Use a model with tool calling support (Qwen, Mistral, GPT-OSS, etc). Tools are passed via the tools parameter and the prompt is automatically formatted using the model's Jinja2 template.
When the model decides to call a tool, the response will have finish_reason: "tool_calls" and a tool_calls array with structured function names and arguments. You then execute the tool, send the result back as a role: "tool" message, and continue until the model responds with finish_reason: "stop".

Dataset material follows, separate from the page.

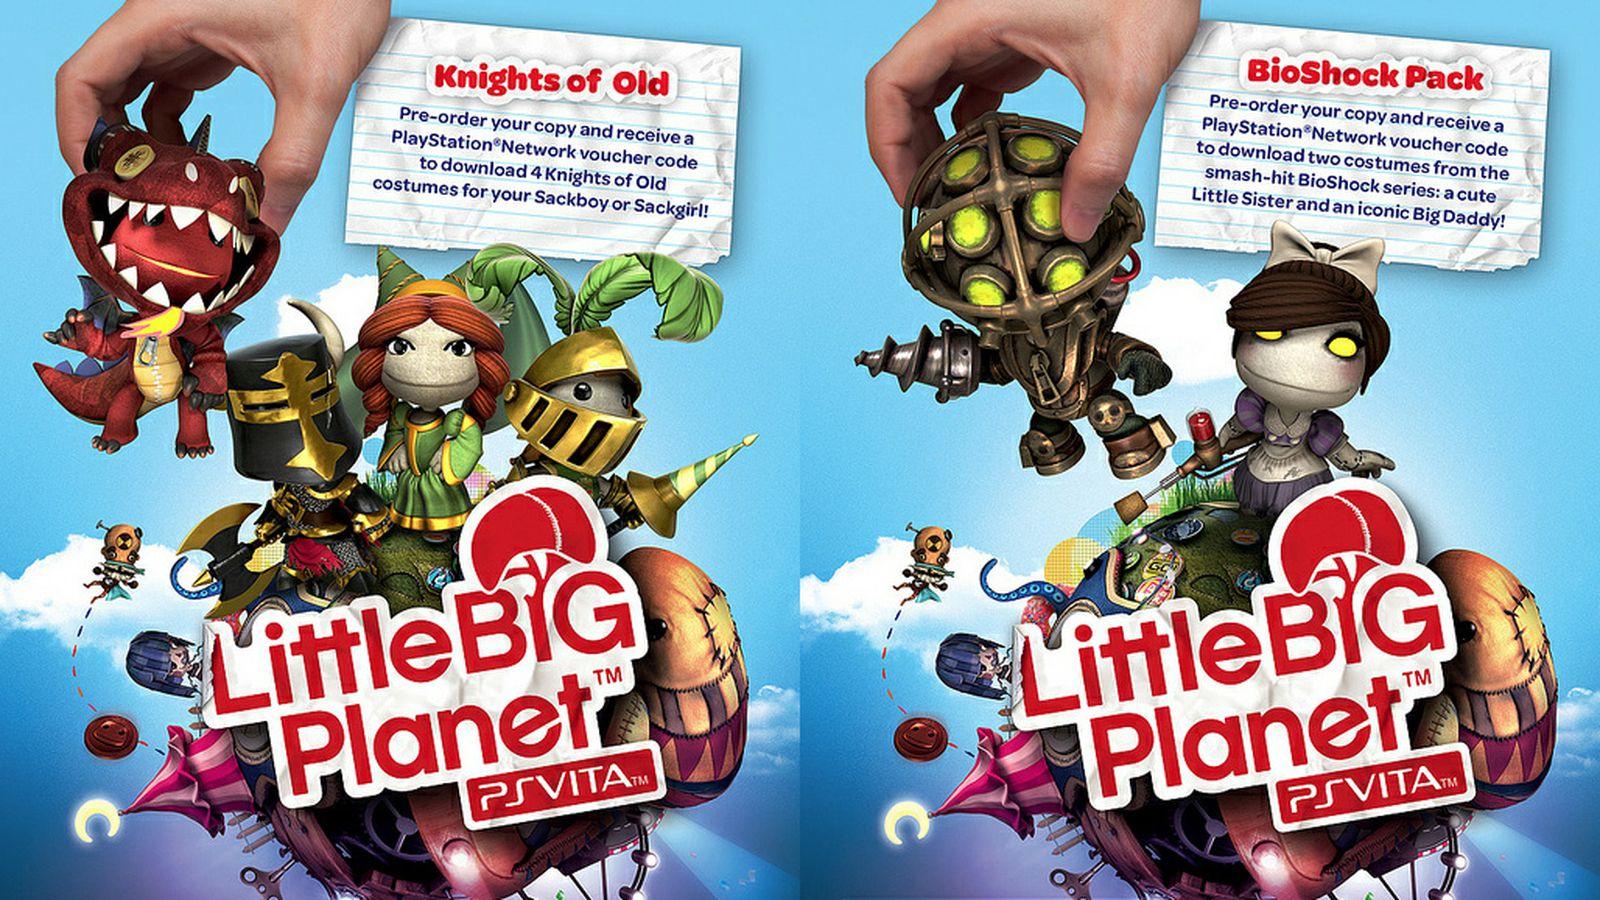 Littlebigplanet Ps Vita Gets Little Sister Big Daddy Bioshock

Some models call multiple tools in parallel (Qwen, Mistral), while others call one at a time (GPT-OSS). The loop below handles both styles.
import json
import requests
url = "http://127.0.0.1:5000/v1/chat/completions"
# Define your tools
tools = [
{
"type": "function",
"function": {
"name": "get_weather",
"description": "Get the current weather for a given location",
"parameters": {
"type": "object",
"properties": {
"location": {"type": "string", "description": "City name"},
},
"required": ["location"]
}
}
},
{
"type": "function",
"function": {
"name": "get_time",
"description": "Get the current time in a given timezone",
"parameters": {
"type": "object",
"properties": {
"timezone": {"type": "string", "description": "IANA timezone string"},
},
"required": ["timezone"]
}
}
},
]
def execute_tool(name, arguments):
"""Replace this with your actual tool implementations."""
if name == "get_weather":
return {"temperature": 22, "condition": "sunny", "humidity": 45}
elif name == "get_time":
return {"time": "2:30 PM", "timezone": "JST"}
return {"error": f"Unknown tool: {name}"}
messages = [{"role": "user", "content": "What time is it in Tokyo and what's the weather like there?"}]

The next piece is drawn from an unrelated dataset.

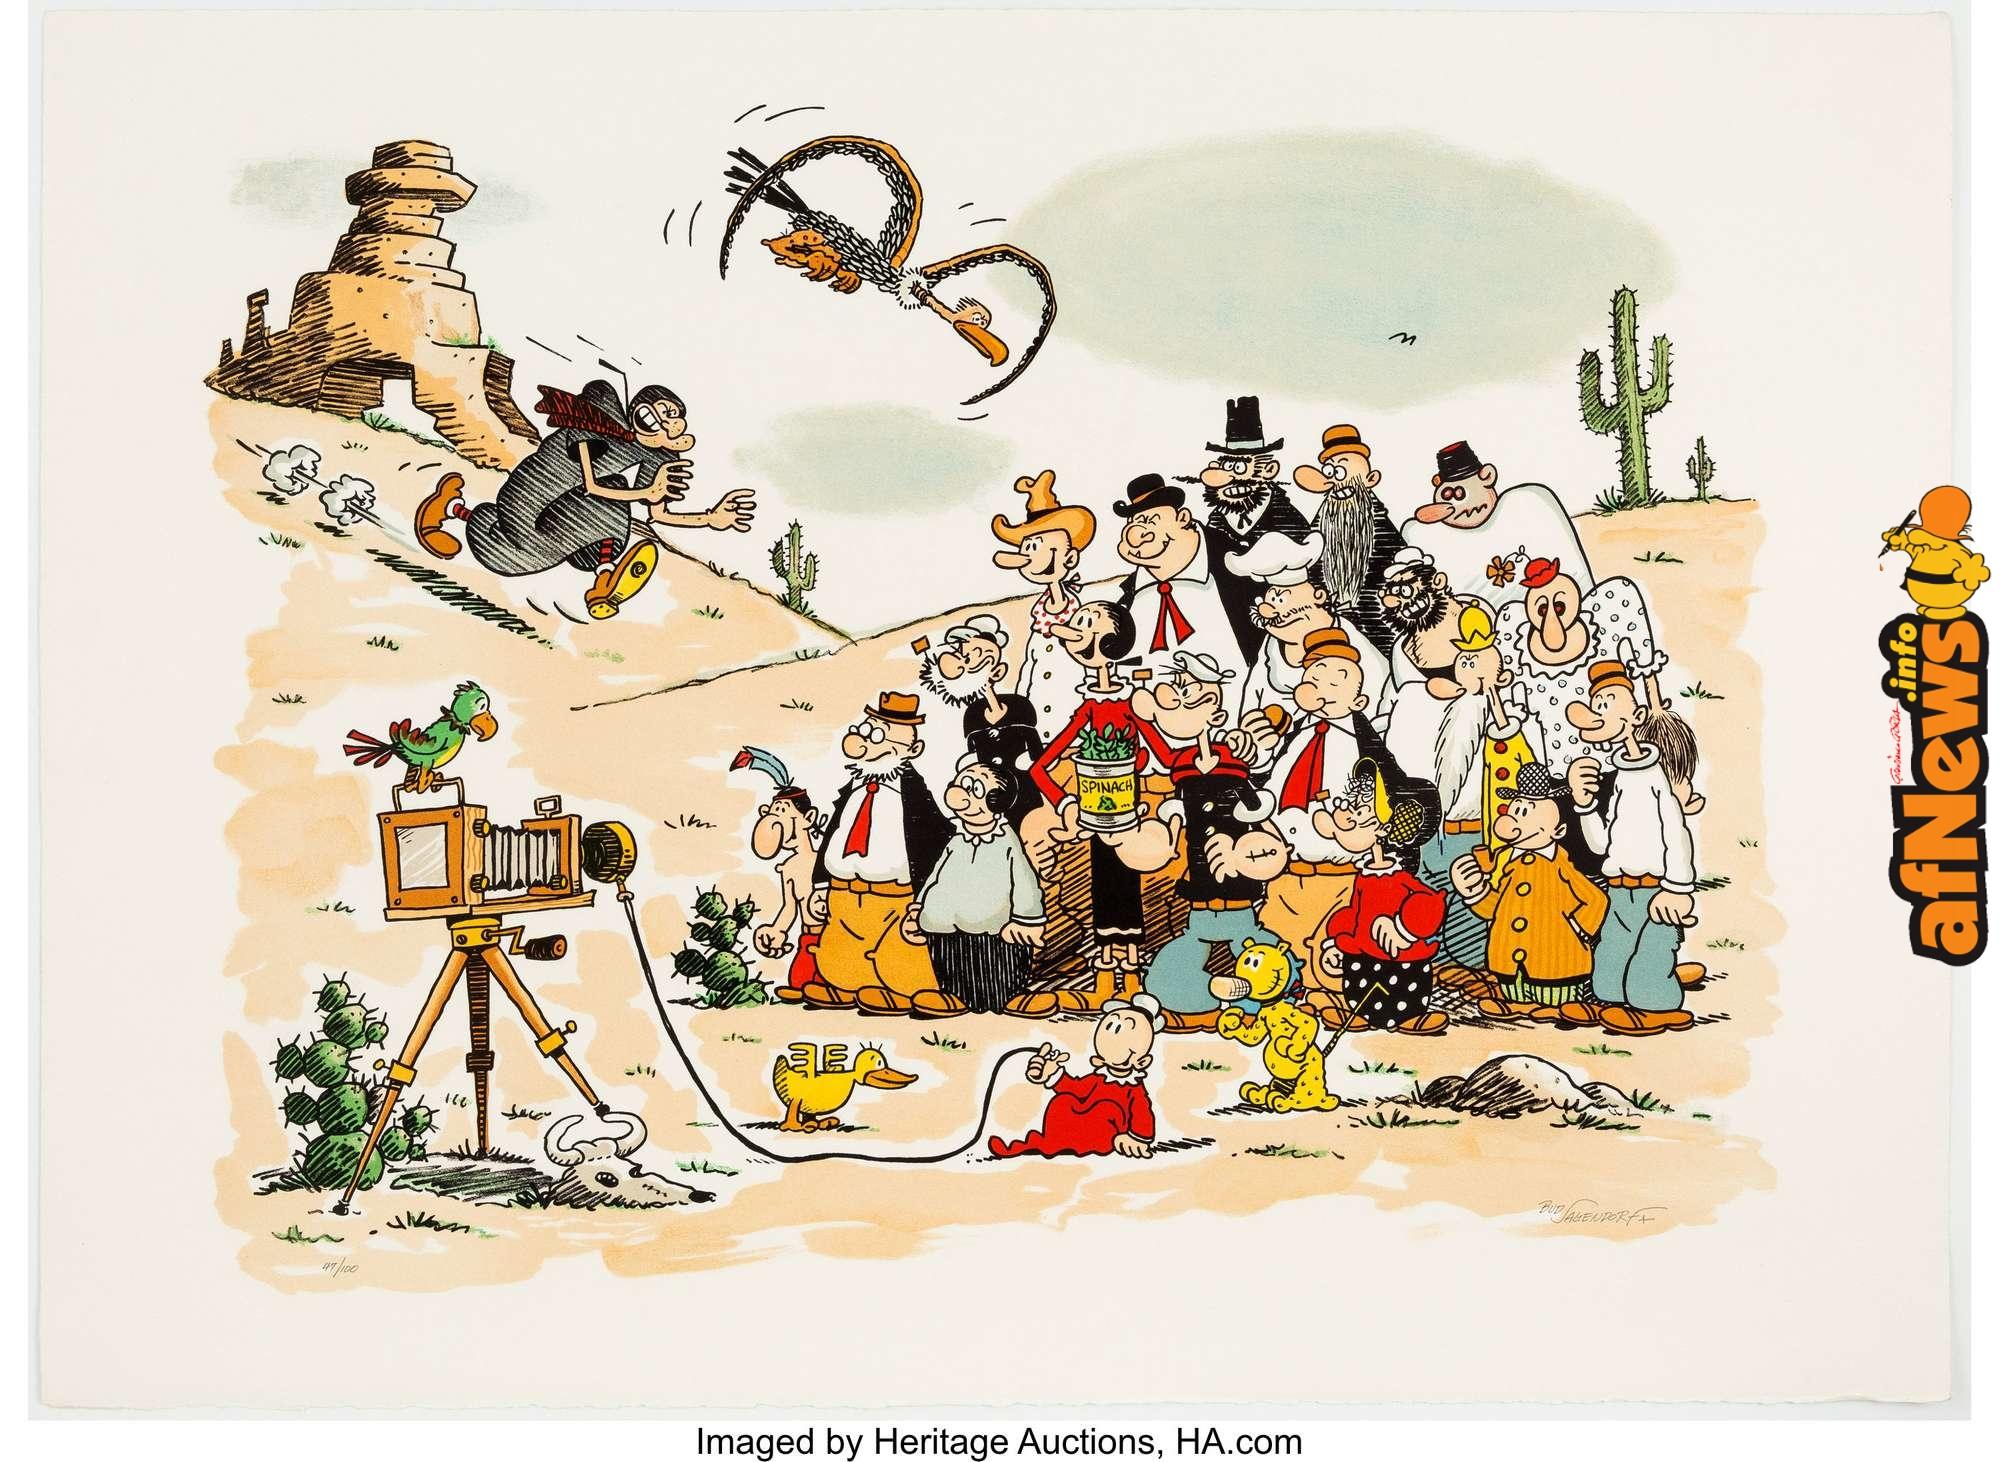 ZooM, Popeye, Wakatoon, Hanna e Barbera, Pico, Tanguy e Laverdure, Blake e Mortimer

# Tool-calling loop: keep going until the model gives a final answer
for _ in range(10):
response = requests.post(url, json={"messages": messages, "tools": tools}).json()
choice = response["choices"][0]
if choice["finish_reason"] == "tool_calls":
# Add the assistant's response (with tool_calls) to history
messages.append({
"role": "assistant",
"content": choice["message"]["content"],
"tool_calls": choice["message"]["tool_calls"],
})
# Execute each tool and add results to history
for tool_call in choice["message"]["tool_calls"]:
name = tool_call["function"]["name"]
arguments = json.loads(tool_call["function"]["arguments"])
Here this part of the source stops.